Les différents rôles critiques de la méthylation de l’ADN dans le développement de la lignée germinale mâle
Auteur / Autrice : | Mathilde Dura |
Direction : | Déborah Bourc'his |
Type : | Thèse de doctorat |
Discipline(s) : | Biologie |
Date : | Soutenance le 22/09/2021 |
Etablissement(s) : | Sorbonne université |
Ecole(s) doctorale(s) : | École doctorale Complexité du vivant (Paris ; 2009-....) |
Partenaire(s) de recherche : | Laboratoire : Génétique et biologie du développement (Paris ; 2009-....) |
Jury : | Président / Présidente : Petra Hajkova |
Examinateurs / Examinatrices : Pierre Fouchet, Michaël Weber, Celine Vallot | |
Rapporteurs / Rapporteuses : Petra Hajkova, Dónal O'Carroll |
Mots clés
Résumé
La méthylation de l'ADN, associée à la répression des gènes et des éléments transposables (ET), joue un rôle essentiel dans la spermatogenèse. Le méthylome des futurs gamètes est reprogrammé : les profils de méthylation somatiques sont effacés, des profils spécifiques des cellules germinales sont établis. Trois de novo ADN méthyltransférases (DNMT) sont essentielles à la méthylation de l'ADN des cellules germinales mâles chez la souris : les enzymes DNMT3C et DNMT3A et leur cofacteur DNMT3L. Il a été montré que DNMT3C est l'enzyme qui méthyle sélectivement les ET les plus jeunes évolutivement. Cependant, les cibles et la fonction de DNMT3A étaient encore inconnues. Je me suis donc intéressée aux rôles de DNMT3A et DNMT3C dans la régulation épigénétique de la spermatogénèse.

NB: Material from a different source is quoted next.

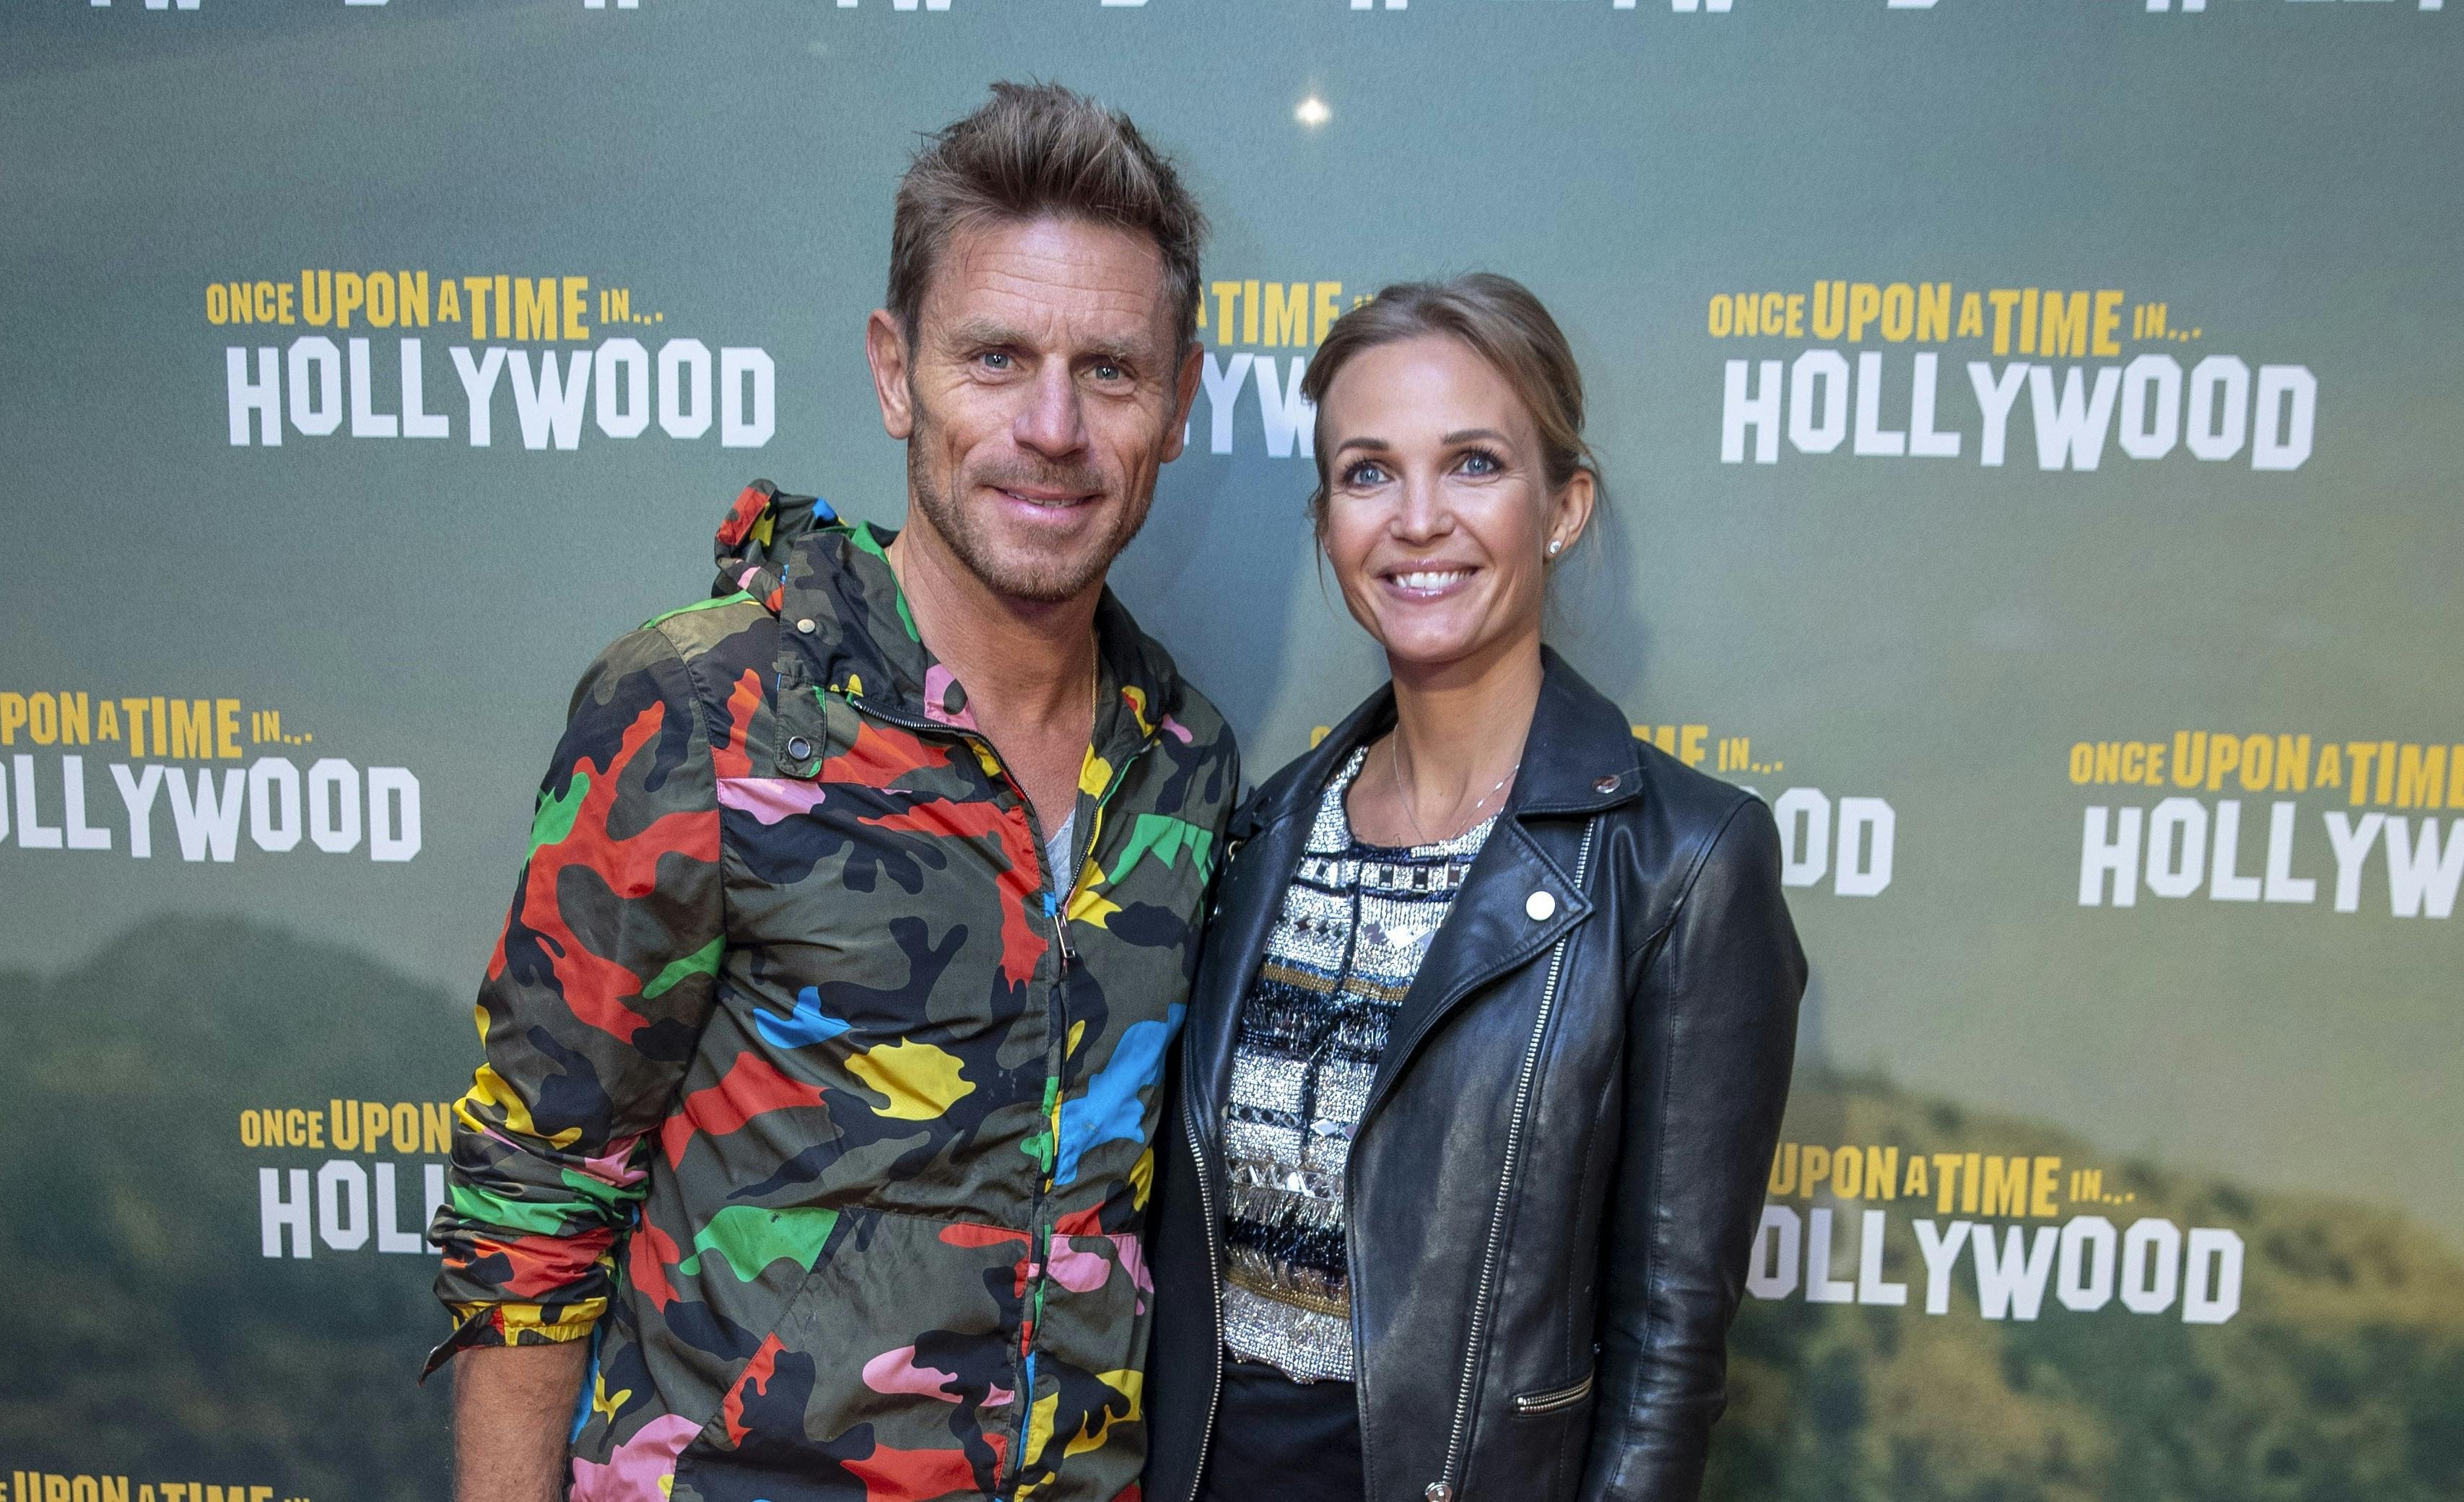 https://imgix.seoghoer.dk/media/article/20190813_dm_once_upon_a_time_in_hollywood_012_0.jpeg

J'ai démontré (projet 1) une division de travail remarquable : alors que DNMT3C empêche les ET d'interférer avec la méiose, DNMT3A méthyle largement le génome, à l'exception des ET dépendants de DNMT3C. J'ai découvert que les cellules souches spermatogoniales (CSS) mutantes pour Dnmt3A ont perdu leur potentiel de différentiation à cause de l’activation erronée d’enhancers qui imposent un programme génétique de cellules souches. Ce travail révèle une nouvelle fonction de la méthylation de l'ADN dans la fertilité mâle. En parallèle (projet 2), j’ai étudié la nature de la spécificité de reconnaissance des jeunes ET par DNMT3C. Ces séquences présentent une dynamique chromatinienne unique: d’abord un profil bivalent de type H3K4me3-H3K9me3 qui évolue vers un enrichissement H3K9me3 exclusif. Mon travail a ainsi fourni des éléments nouveaux pour comprendre le rôle de la méthylation de l’ADN en reproduction.